FoldsCUDA.jl
FoldsCUDA.FoldsCUDA
— ModuleFoldsCUDA
FoldsCUDA.jl provides Transducers.jl-compatible fold (reduce) implemented using CUDA.jl. This brings the transducers and reducing function combinators implemented in Transducers.jl to GPU. Furthermore, using FLoops.jl, you can write parallel for
loops that run on GPU.
API
FoldsCUDA exports CUDAEx
, a parallel loop executor. It can be used with the parallel for
loop created with FLoops.@floop
, Base
-like high-level parallel API in Folds.jl, and extensible transducers provided by Transducers.jl.
Examples
findmax
using FLoops.jl
You can pass CUDA executor FoldsCUDA.CUDAEx()
to @floop
to run a parallel for
loop on GPU:
julia> using FoldsCUDA, CUDA, FLoops
julia> using GPUArrays: @allowscalar
julia> xs = CUDA.rand(10^8);
julia> @allowscalar xs[100] = 2;
julia> @allowscalar xs[200] = 2;
julia> @floop CUDAEx() for (x, i) in zip(xs, eachindex(xs))

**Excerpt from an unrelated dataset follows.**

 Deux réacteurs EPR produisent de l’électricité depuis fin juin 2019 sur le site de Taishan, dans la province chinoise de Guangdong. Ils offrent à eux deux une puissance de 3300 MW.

@reduce() do (imax = -1; i), (xmax = -Inf32; x)
if xmax < x
xmax = x
imax = i
end
end
end
julia> xmax
2.0f0
julia> imax # the *first* position for the largest value
100
extrema
using Transducers.TeeRF
julia> using Transducers, Folds
julia> @allowscalar xs[300] = -0.5;
julia> Folds.reduce(TeeRF(min, max), xs, CUDAEx())
(-0.5f0, 2.0f0)
julia> Folds.reduce(TeeRF(min, max), (2x for x in xs), CUDAEx()) # iterator comprehension works
(-1.0f0, 4.0f0)
julia> Folds.reduce(TeeRF(min, max), Map(x -> 2x)(xs), CUDAEx()) # equivalent, using a transducer
(-1.0f0, 4.0f0)
More examples
For more examples, see the examples section in the documentation.
FoldsCUDA.CUDAEx
— TypeCUDAEx()
A fold executor implemented using CUDA.jl.

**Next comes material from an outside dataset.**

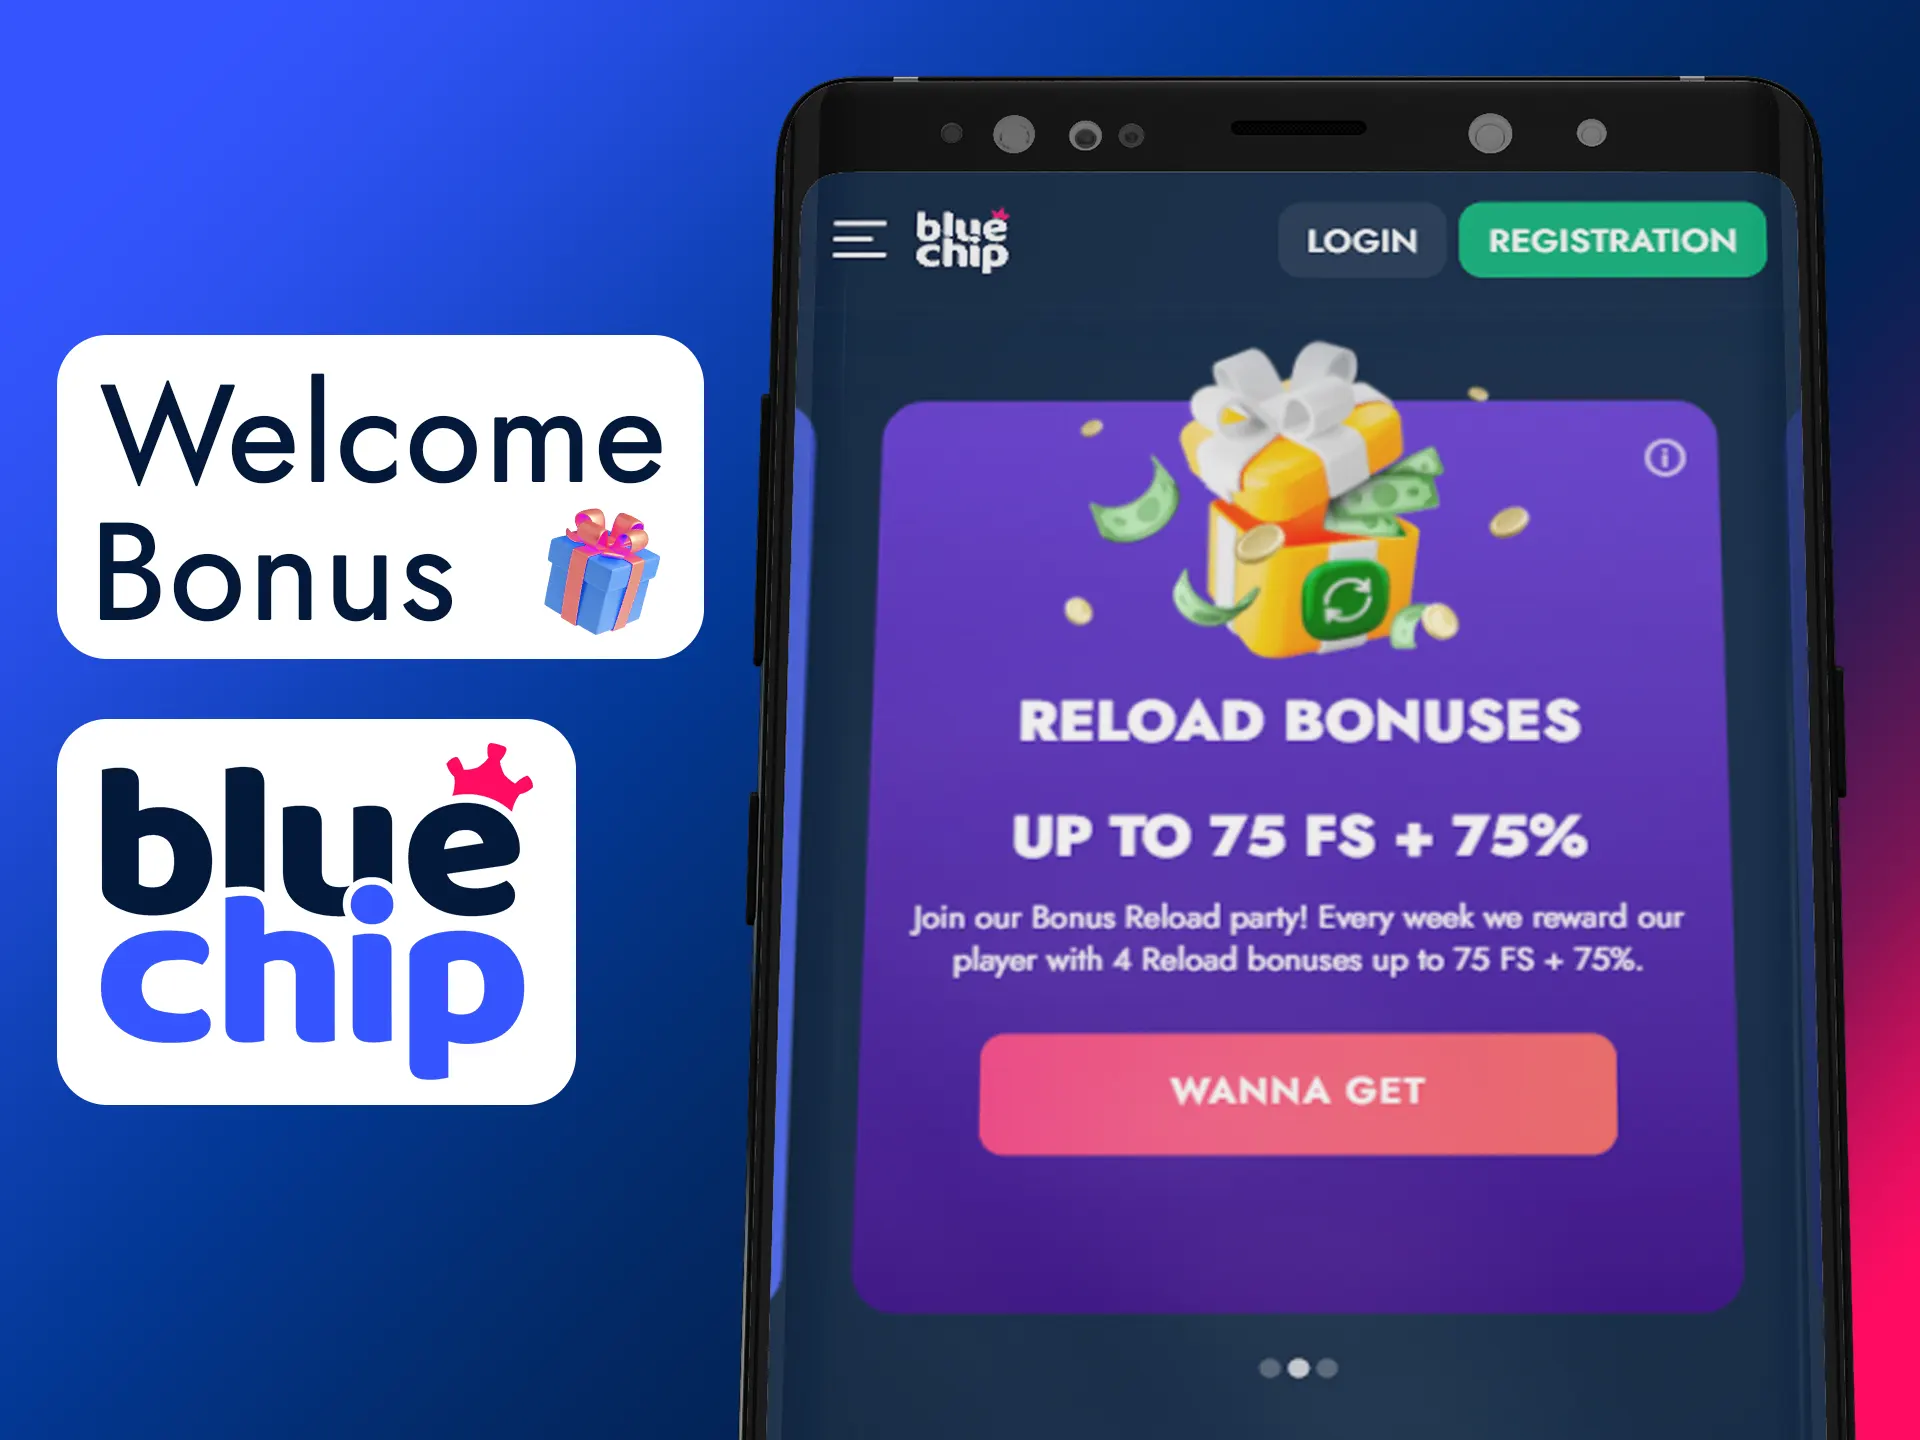 Get your welcome bonus after registration in app.

For more information about executor, see Transducers.jl's glossary section and FLoops.jl's API section.
Examples
julia> using FoldsCUDA, Folds
julia> Folds.sum(1:10, CUDAEx())
55
FoldsCUDA.CoalescedCUDAEx
— TypeCoalescedCUDAEx()
A fold executor implemented using CUDA.jl. It uses coalesced memory access while supporting non-commutative loops. It can be faster but more limtied than CUDAEx
.